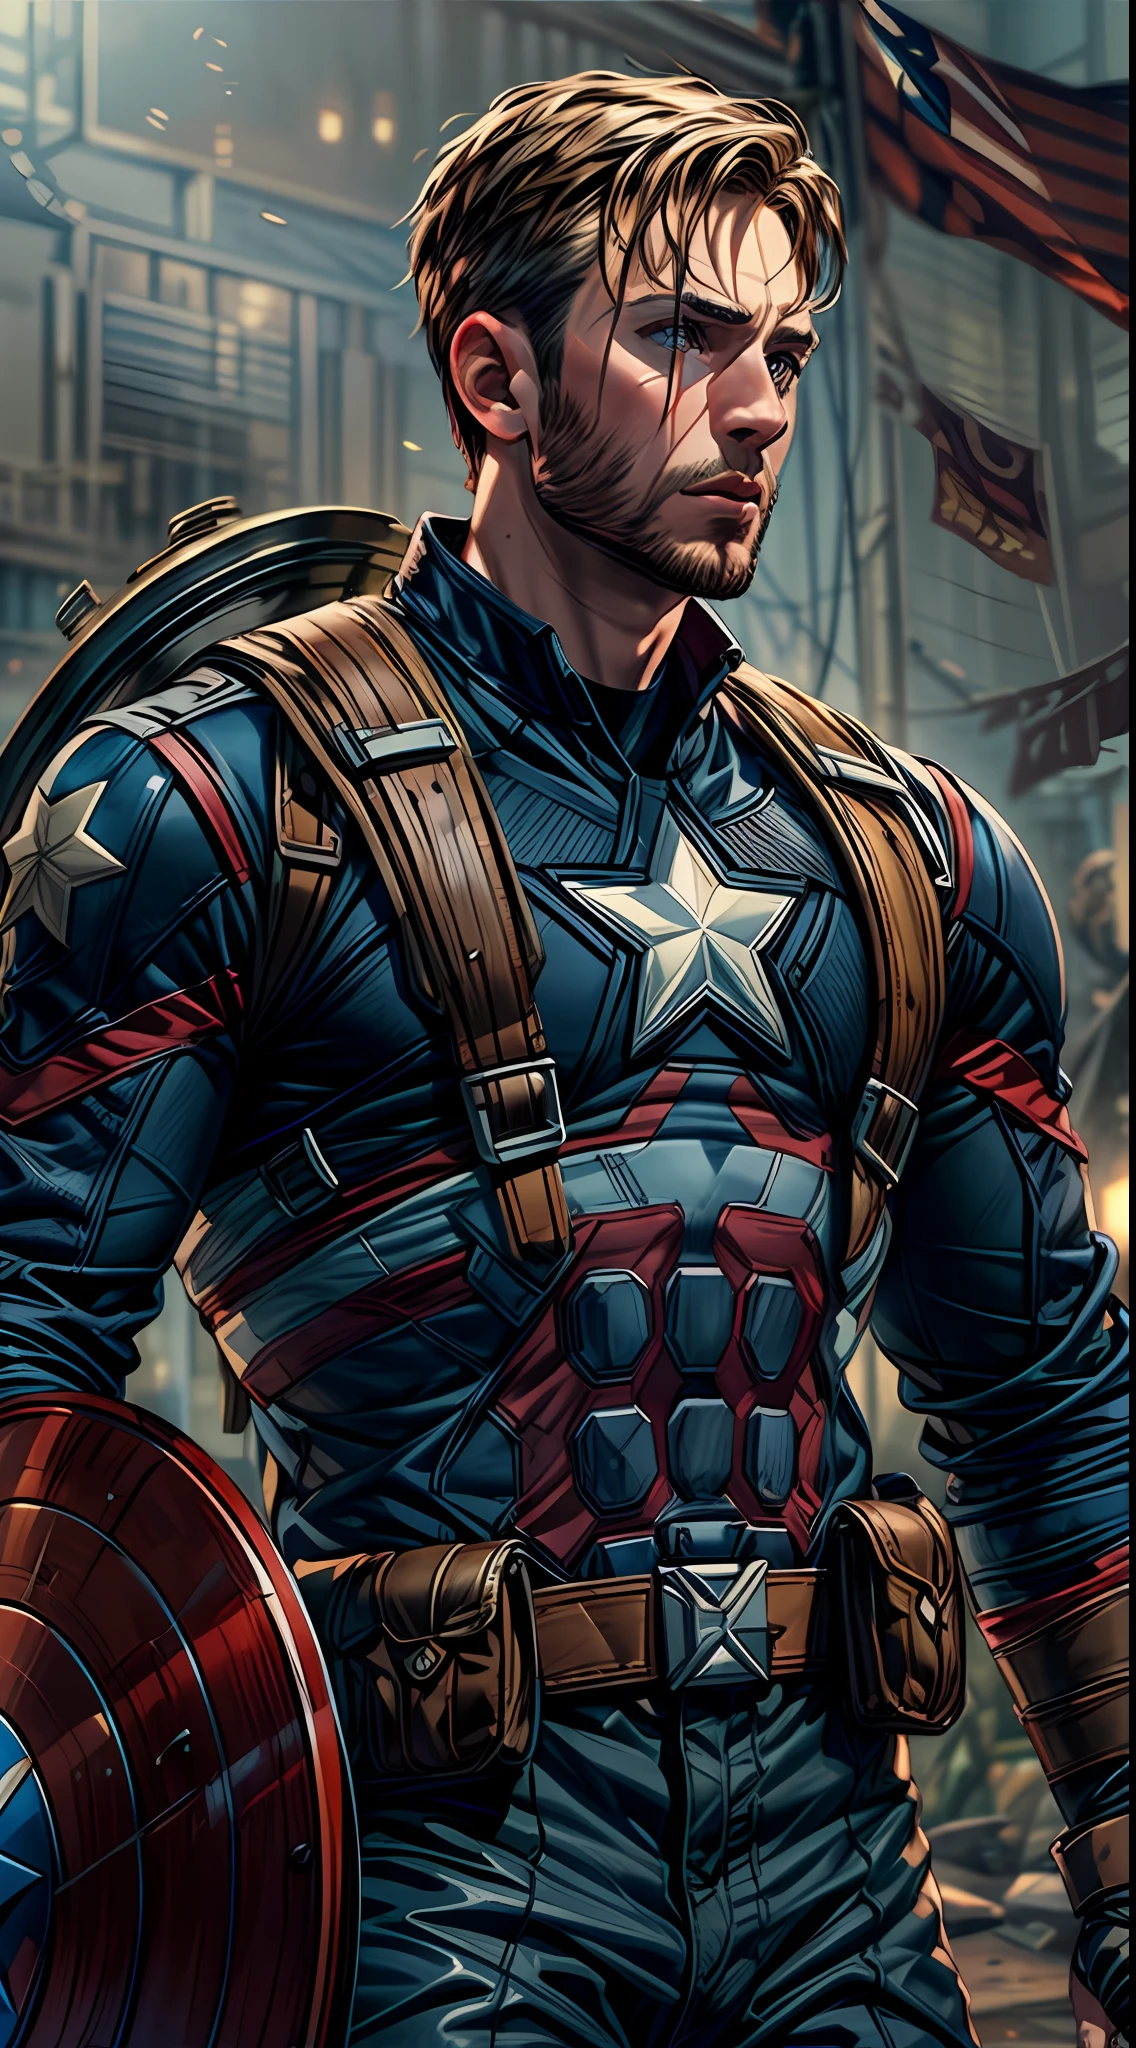 (RAW Photo, Best Quality), (Realistic, Photorealistic Photo: 1.3), Best Quality, Highly Detailed, Masterpiece, Ultra Detailed, Illustration, Marvel cinematic universe, marvel, Chris Evans, Steve Rogers as captain america, background should be epic, upper body, high detail on dress, Best Quality, Extremely Detailed CG Unified 8k Wallpaper, Ink, Amazing, badass look, portrait, close up (skin texture), intricately detailed, fine details, hyperdetailed.
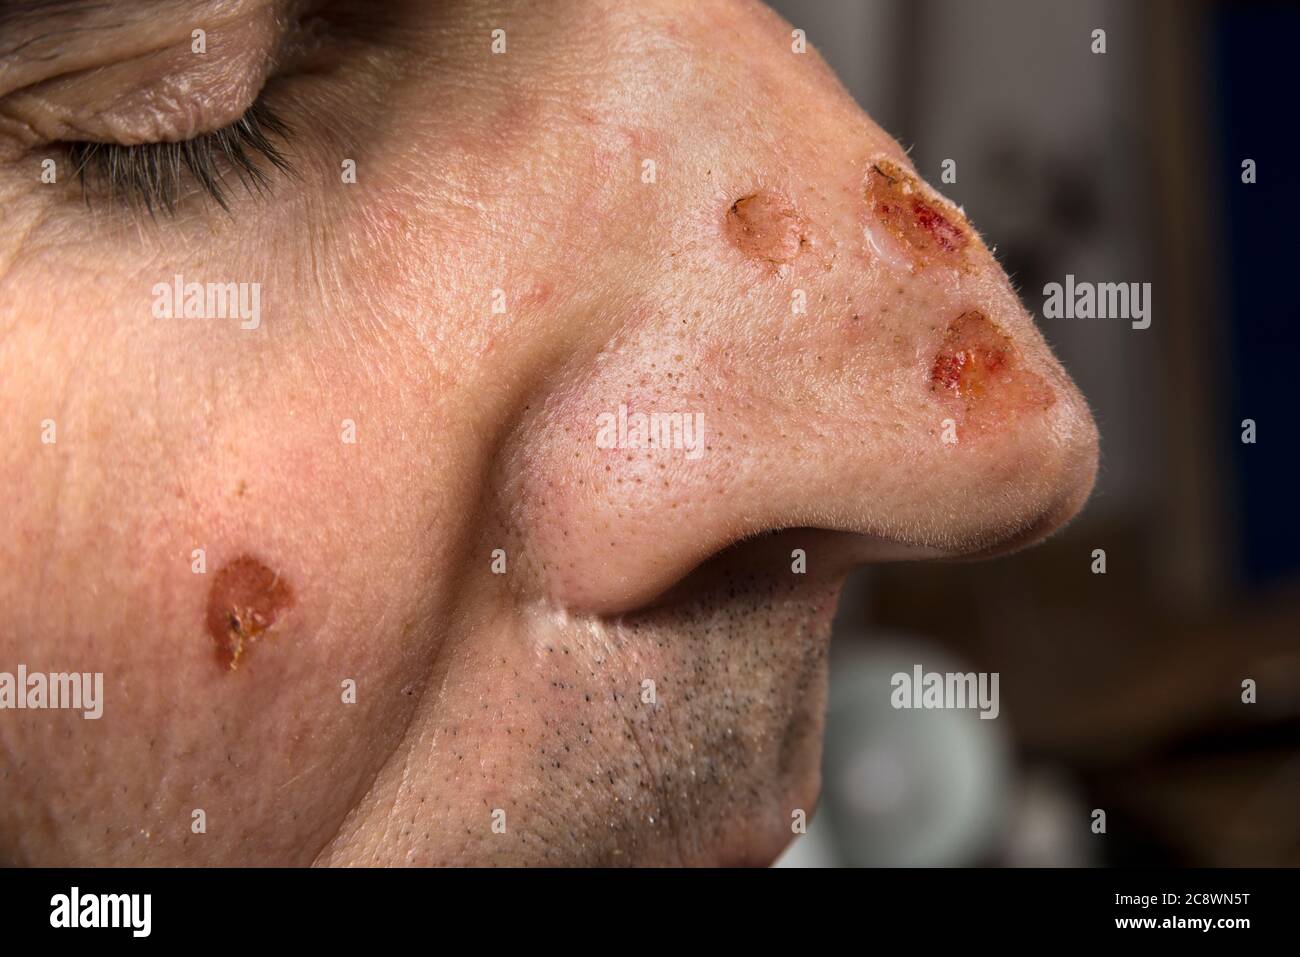 Wound from laser on a face from dermatologist Stock Photo - Alamy
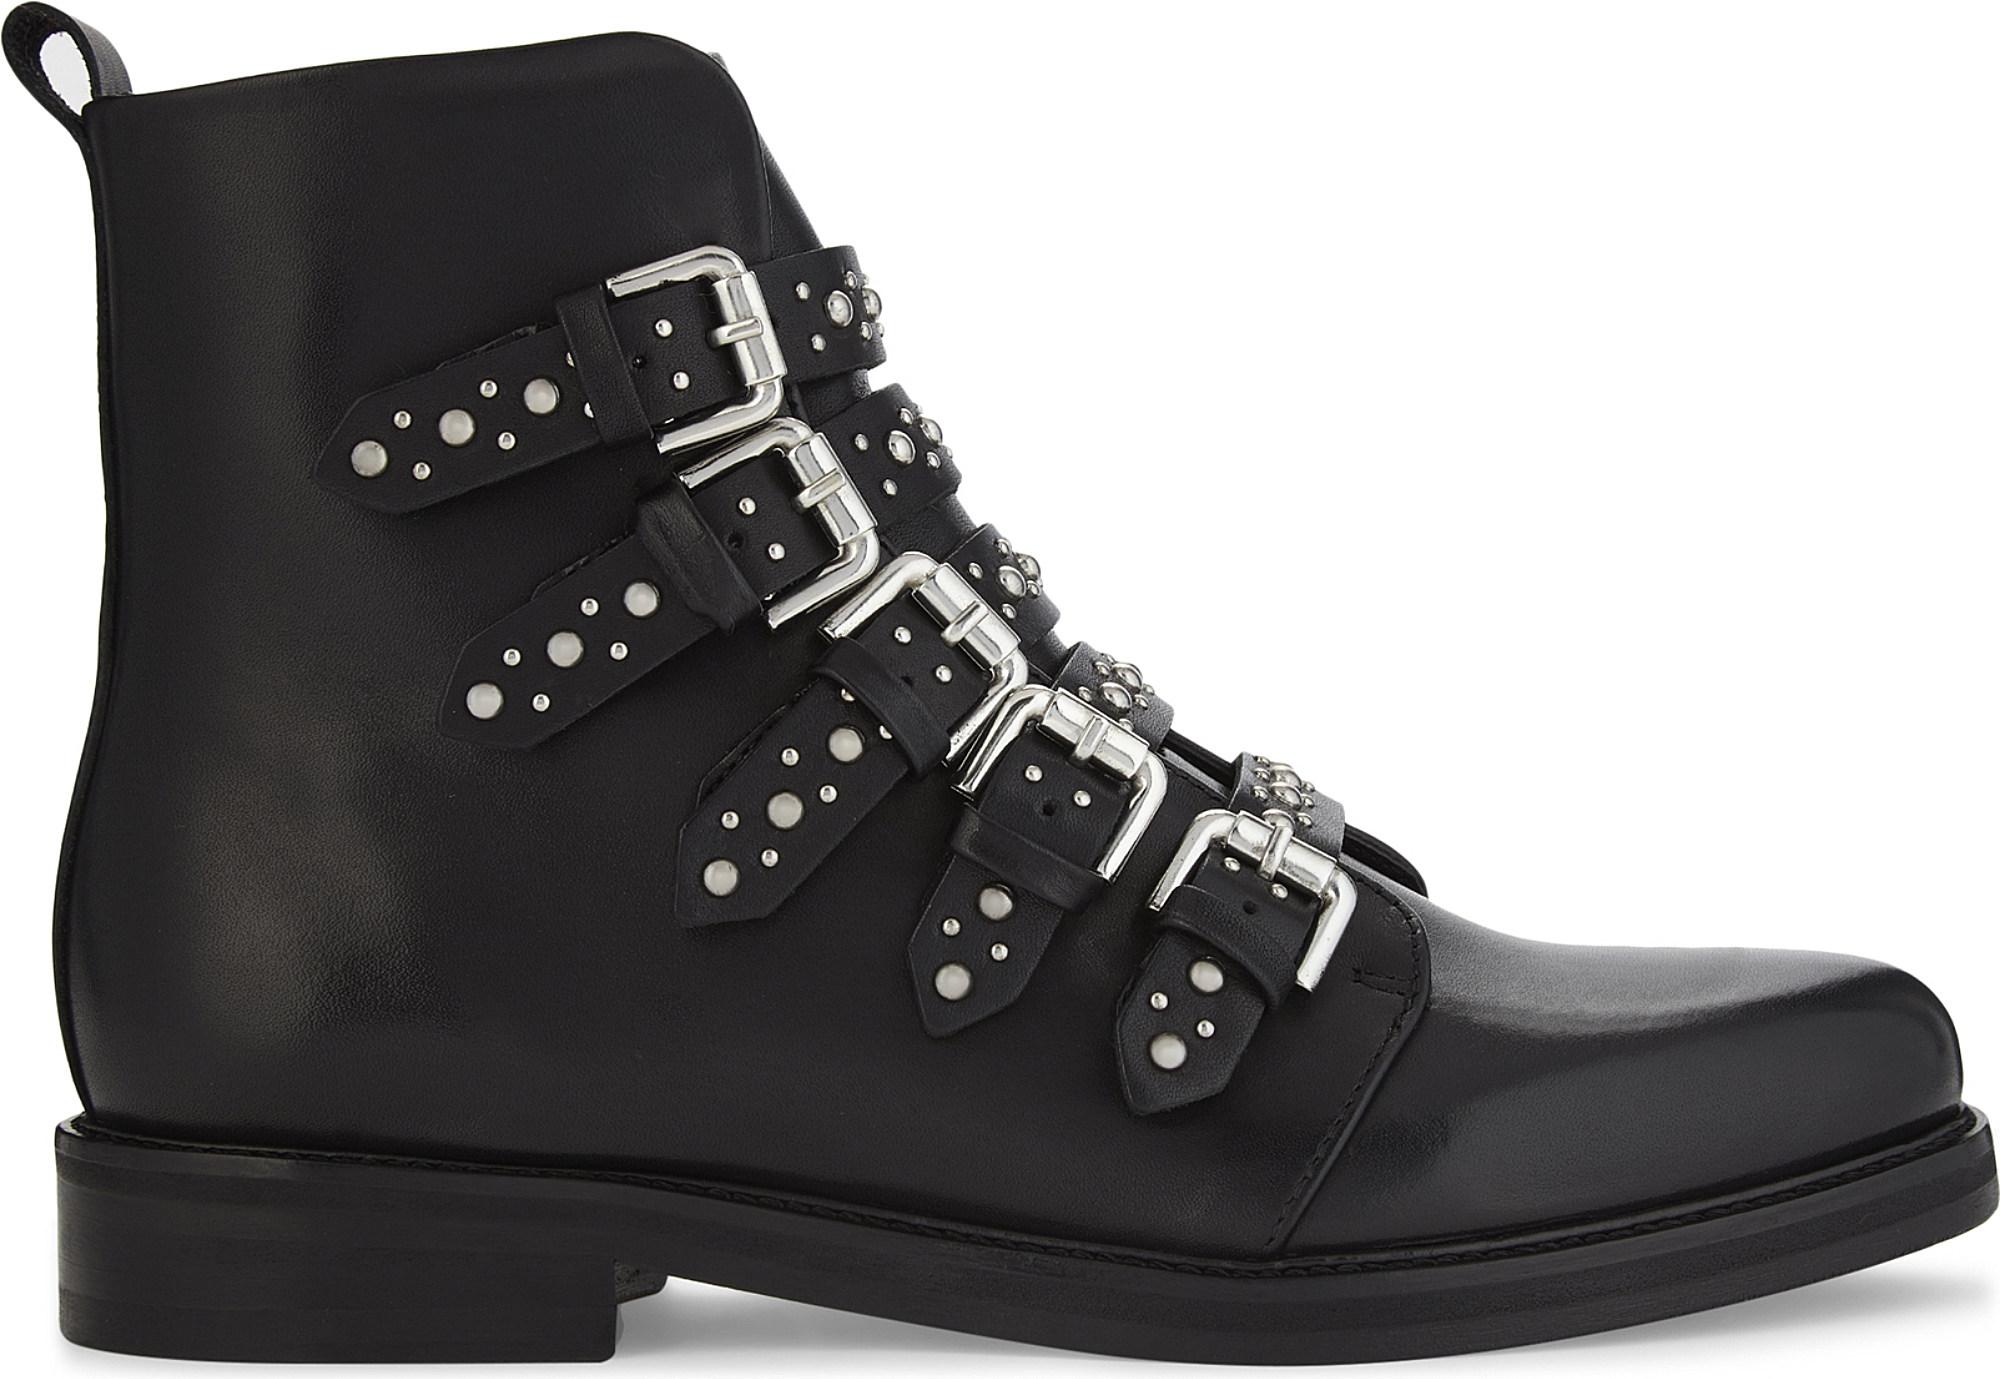 Lyst - Maje Fortune Leather Buckled Biker Boots in Black
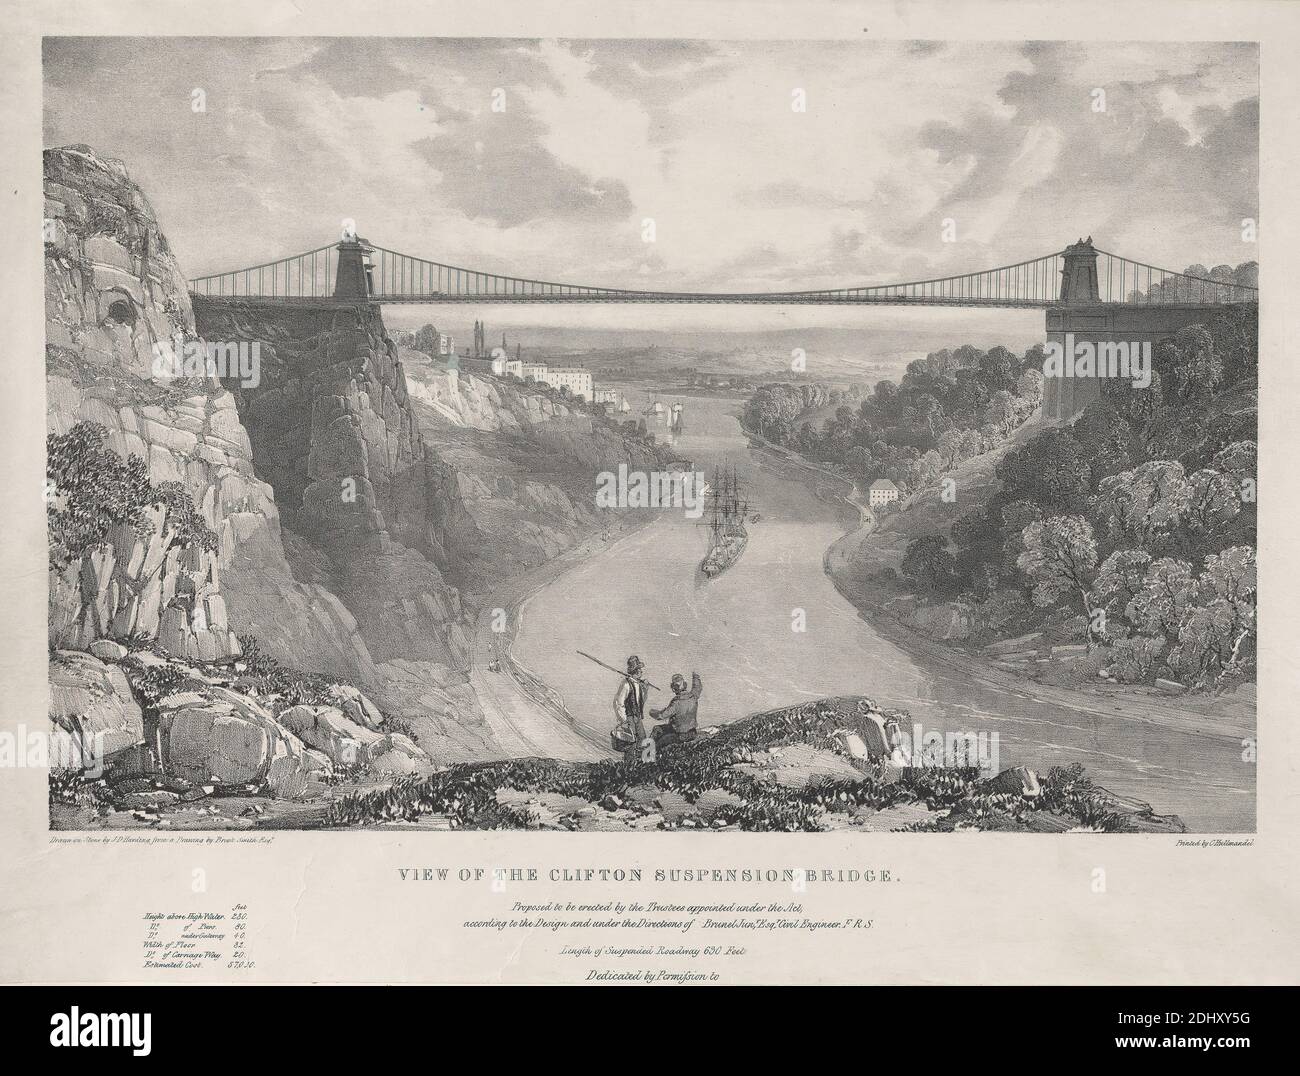 View of the Clifton Suspension Bridge, James Duffield Harding, 1798–1863, British, after unknown artist, (Brook Smith), Printed by Charles J. Hullmandel, 1789–1850, British, undated, Lithograph on moderately thick, slightly textured, beige wove paper with gray chine collé, Sheet: 15 9/16 x 21 3/16 inches (39.6 x 53.8 cm), Sheet: 14 1/16 x 18 3/4 inches (35.7 x 47.7 cm), and Image: 11 5/16 x 17 5/16 inches (28.8 x 44 cm), architectural design, architectural subject, beach, boat, bridge (built work), bucket, buildings, city, cliffs, landscape, men, pail, paths, river, rocks (landforms), sailboat Stock Photo
***
## EXERCISE GOAL
Output the material verbatim, skipping the images.

## RESPONSE TO THE TASK
 (RAW Photo, Best Quality), (Realistic, Photorealistic Photo: 1.3), Best Quality, Highly Detailed, Masterpiece, Ultra Detailed, Illustration, Marvel cinematic universe, marvel, Chris Evans, Steve Rogers as captain america, background should be epic, upper body, high detail on dress, Best Quality, Extremely Detailed CG Unified 8k Wallpaper, Ink, Amazing, badass look, portrait, close up (skin texture), intricately detailed, fine details, hyperdetailed.
 Wound from laser on a face from dermatologist Stock Photo - Alamy
 Lyst - Maje Fortune Leather Buckled Biker Boots in Black
 View of the Clifton Suspension Bridge, James Duffield Harding, 1798–1863, British, after unknown artist, (Brook Smith), Printed by Charles J. Hullmandel, 1789–1850, British, undated, Lithograph on moderately thick, slightly textured, beige wove paper with gray chine collé, Sheet: 15 9/16 x 21 3/16 inches (39.6 x 53.8 cm), Sheet: 14 1/16 x 18 3/4 inches (35.7 x 47.7 cm), and Image: 11 5/16 x 17 5/16 inches (28.8 x 44 cm), architectural design, architectural subject, beach, boat, bridge (built work), bucket, buildings, city, cliffs, landscape, men, pail, paths, river, rocks (landforms), sailboat Stock Photo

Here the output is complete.